Nonparametric methods are increasingly applied to regression, classification and density estimation, both in statistics and other related areas such as data mining and machine learning. However, a key difficulty with nonparametric models is model fitting for high dimensional data due to the curse of dimensionality. Another difficulty is model inference and interpretation, i.e., how to evaluate or test individual variable effects on the complex surface fit. For heterogeneous data with complicated covariance structure, nonparametric model estimation is even more challenging. The objectives of this proposal are to develop novel and widely applicable procedures to simultaneous model selection and estimation for nonparametric models and their related paradigms in data mining.
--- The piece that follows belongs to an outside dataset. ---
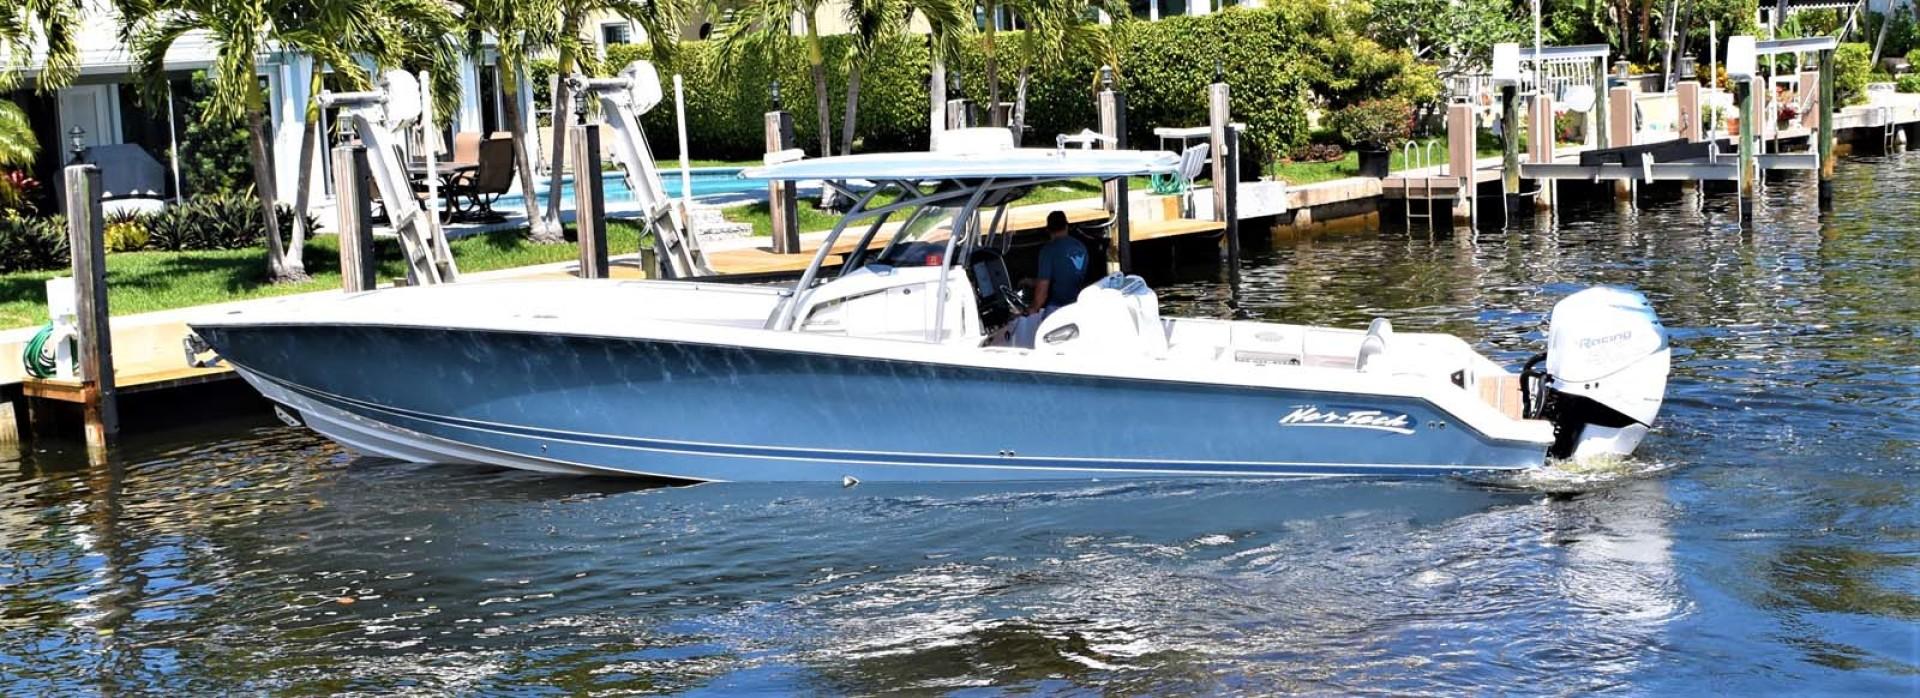 Nor-Tech-390 Sport 2018 -Boca Raton-Florida-United States-Port Side-1130600 | Thumbnail

In the framework of reproducing kernel Hilbert space (RKHS), the PI proposes a host of new regularization techniques for several families of models: smoothing spline ANOVA models for correlated data, semiparametric regression models, support vector machines for supervised and semi-supervised learning. The proposed methodologies constitute key advances over standard methods through their unified framework for achieving model sparsity and function smoothing altogether, their tractable theoretical properties, and their easy adaptation to high dimensional problems. The PI will study asymptotic behaviors of the proposed estimators, explore data-driven procedures for tuning regularization parameters, and develop computation algorithms and softwares to implement the proposed procedures. The PI will also examine finite sample performance of new methods via extensive simulation studies and real data analysis.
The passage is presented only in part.